As a result of immense public pressure and fallout over its new advertising policy, Facebook-owned Instagram has shifted its policies again. This time, the photo archival and modification service is rolling back its privacy and other policies to the original state. The rollback changes the policies to what existed prior to the reveal last week, that seemed to allow Instagram's ability to sell user photos uploaded to the service for advertising with little or no notice to the photographer.

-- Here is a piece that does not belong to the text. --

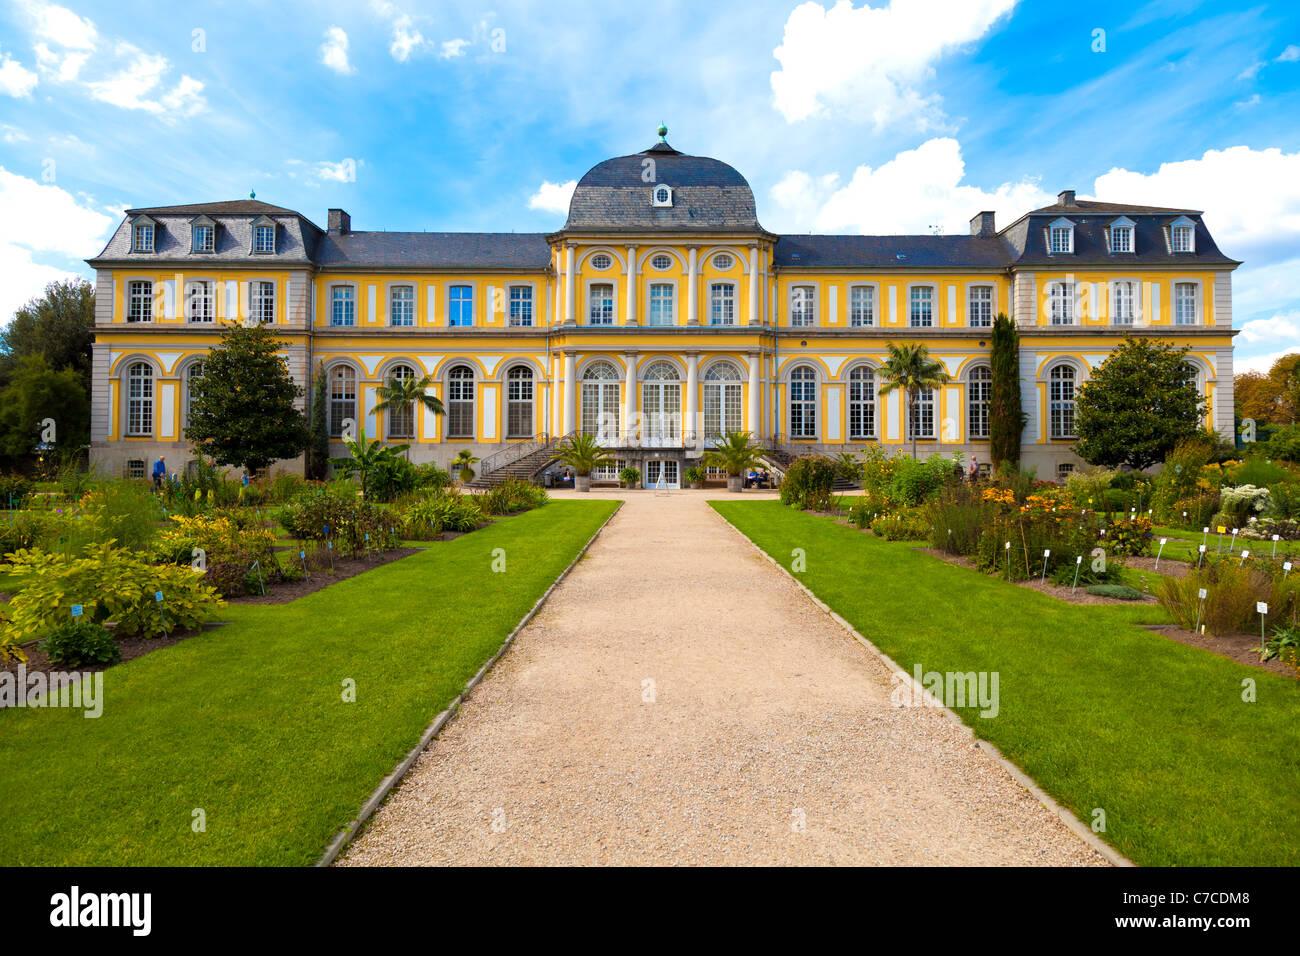 Poppelsdorfer Schloss in Bonn, Germany - Stock Image

A post on the company blog doesn't say that the company is going to stop monetizing user's photographs, however. The original language in the terms of service (now back in force) states that "Instagram does not claim ownership of any Content that you post on or through the Service. Instead, you hereby grant to Instagram a non-exclusive, fully paid and royalty-free, transferable, sub-licensable, worldwide license to use the Content that you post on or through the Service, subject to the Service's Privacy Policy." The language contained in the recently reinstated "rights" section does not preclude Instagram from using uploaded photos as they see fit, as the user has granted a "transferable, sub-licensable" worldwide license to use or license the content to others. Furthermore, the same section clearly states that the user must "acknowledge that [Instagram] may not always identify paid services, sponsored content, or commercial communications as such." The blog posting does say in clear language that the company has never had any intent of selling user's photos, but the language in the user's agreement does allow it -- and the company has not said it wouldn't use the photos in its own advertisements. Co-founder Kevin Systrom says in the blog post that "going forward, rather than obtain permission from you to introduce possible advertising products we have not yet developed, we are going to take the time to complete our plans, and then come back to our users and explain how we would like for our advertising business to work." In short, the original agreement contained much of the same language and rights as the now-rolled-back "Proprietary Rights in Content on Instagram" section of the new agreement that have alarmed users. While Instagram said in the newer terms that it "does not claim any ownership rights" on content posted, the same paragraph stated that users would have granted the company a "non-exclusive, fully paid and royalty-free, worldwide, limited license to use, modify, delete from, add to, publicly perform, publicly display, reproduce and translate such Content." That clause carved out an exception: content that is not shared publicly "will not be distributed outside the Instagram Services."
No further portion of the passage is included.